Mais do que isso - Dylan, à sua maneira, quis compensar suas limitações. É aí que reside seu valor como intérprete: Shadows in the Night pode ser dispensável se comparado às originais de Sinatra.

Quem conhece Frank sabe que ele tinha o lado big band, mas também possuía (como todos nós) o seu lado sombrio. Dylan pegou esse lado sombrio como seu, em versões sintomáticas de torch songs como "I'm a Fool to Want You" e "The Night We Called It a Day", de discos conceituais (para quem não sabe, muito antes do Sgt. Peppers, Frank Sinatra fazia discos conceituais) como "Where Are You" e "Only the Lonely".

Isso mostra que, assim como grande ouvinte que é, Dylan sabe exatamente qual é o melhor de Frank Sinatra. Não o Sinatra farofa de "My Way", mas o Sinatra da fossa, o Sinatra sublime do "In Wee Small Hours", "Mood Indigo", "One For My Baby". "Angel Eyes", "What's New", o Sinatra sombrio, quase gótico, da melhor extração - o Sinatra que a maioria desconhece.

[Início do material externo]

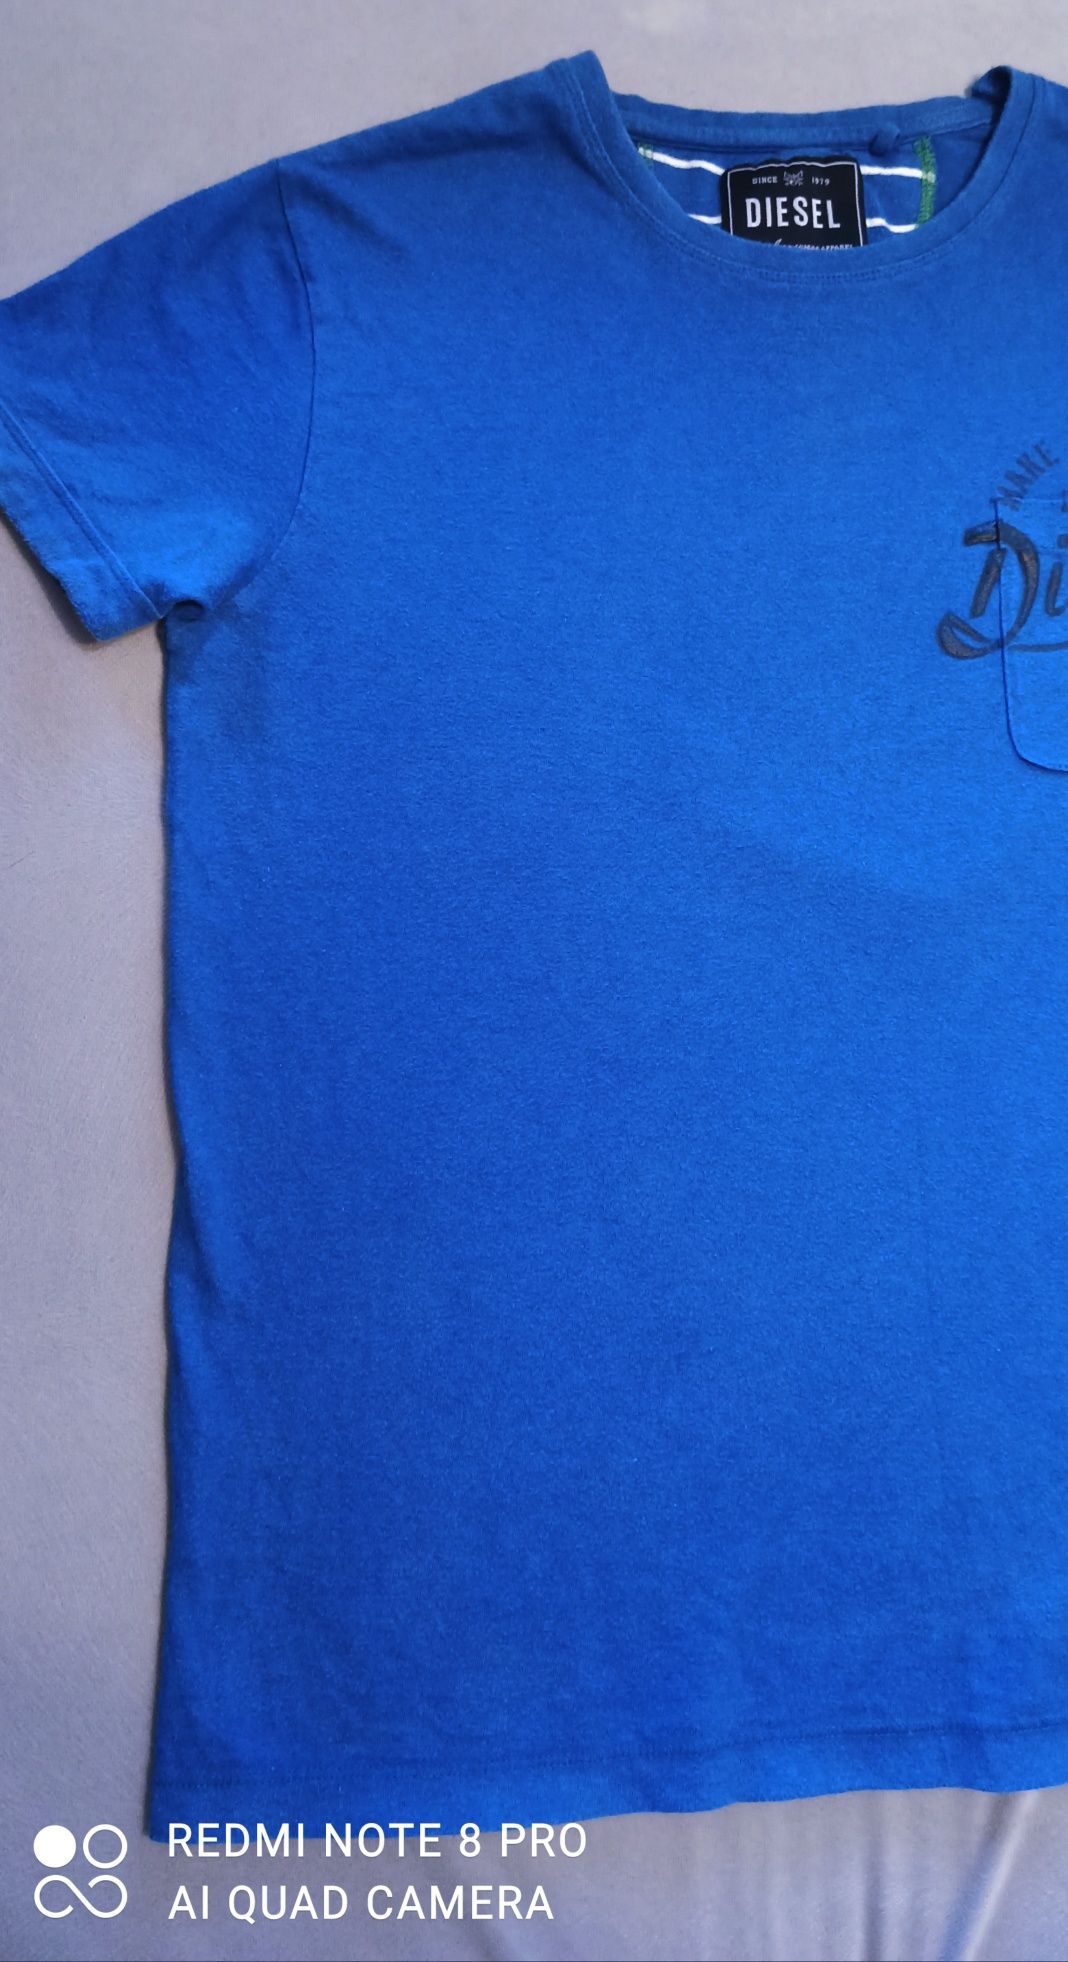 DIESEL  , niebieski  t-shirt, koszulka  rozmiar   S

O Dylan crooner já havia posto à prova no seu curioso álbum de 73, aquele que ele é quem mais o detesta. Em Shadows in the Night, ele não está preocupado com isso (dizem que sua vez melhorou nesse disco, eu não concordo, mas ele também não deve estar preocupado com isso).

No conjunto de canções, "Full Moon and Empty Arms" parece estar deslocada. Na verdade, ela é do tempo do Sinatra na Columbia e, ao contrário de outras tantas, nunca fez parte de seu repertório regular (Dylan não iria cantar as que você conhece, por exemplo). A paráfrase de Rachmaninoff, de fato, é lamentável. Mas acreditamos que Dylan tenha esse buquê de canções (como diziam os locutores de outrora) como lembranças felizes de sua paquidérmica memória afetiva. Mesmo que você não as conheça, elas estão inscritas na história da música popular americana do Século XX, música cujo maior intérprete é o centenário Sinatra.

Existem tantos outros casos (o Tim Pan Alley é pródigo nisso) de música popular inspirada em clássicos, como "I'm Always Chasing Rainbows", que é a Fantasia-Improviso do Chopin (em Dó Sustenido Menor, Op. 66), ou "Take My Love", essa gravada pelo Sinatra (nos anos 40, na fase da Capitol ele não regravou nenhuma das duas), que é o Poco Alegreto da Sinfonia nº 3 (Fá Maior, Op 90) do Brahms.